Tuesday, December 07, 2010

Arsenic-based life study flawed

NASA*::

""""Redfield blogged a scathing attack on Saturday. Over the weekend, a few other scientists took to the Internet as well. Was this merely a case of a few isolated cranks? To find out, I reached out to a dozen experts on Monday. Almost unanimously, they think the NASA scientists have failed to make their case. "It would be really cool if such a bug existed," said San Diego State University's Forest Rohwer, a microbiologist who looks for new species of bacteria and viruses in coral reefs. But, he added, "none of the arguments are very convincing on their own." That was about as positive as the critics could get. "This paper should not have been published," said Shelley Copley of the University of Colorado.""""
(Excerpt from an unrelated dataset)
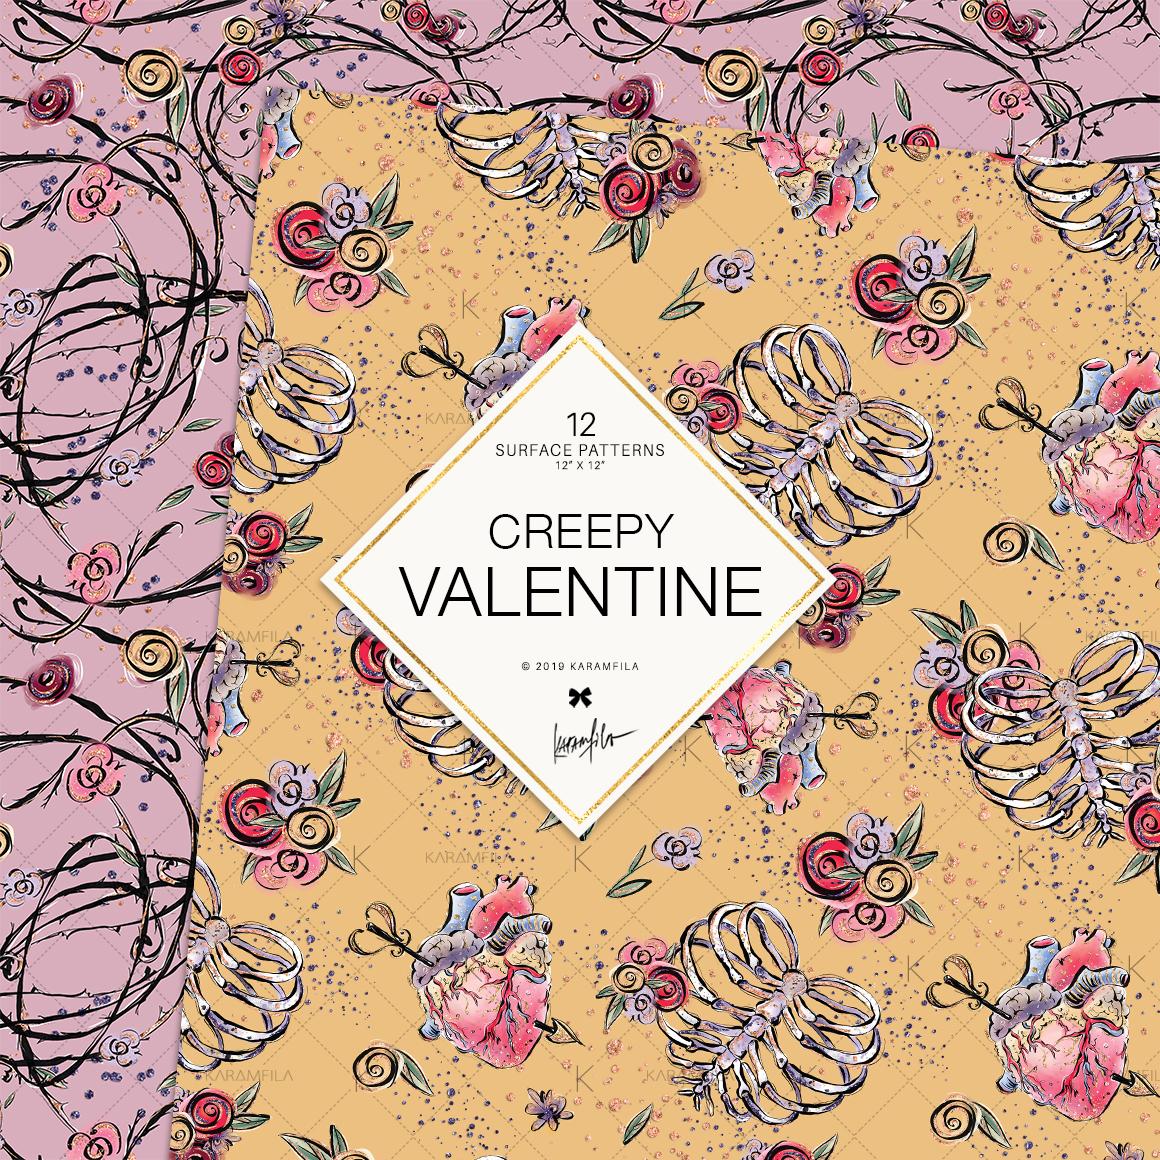 Creepy Valentine's Day Patterns example image 3

The hasty, conclusionary thinking typical of the NASA researchers--"we've discovered a new form of life"!---might be considered symptomatic of corporate research, or what one might term the Factoid-as- Entertainment business ( Factoid-bots live for the newest research or pop-science discovery; paraphrasing that clever factoid-positivist Bertrand Russelll, provide a necessarily true argument that the world didn't start yesterday).

Al Gore did much the same via his pitch of global warming, overlooking many difficult scientific issues (ie, proving whether natural or manmade CO2 results in warming, for one) jumping to conclusions, thus creating both mindless "climate advocates" and a yokel backlash. Uncertainty doesn't move product.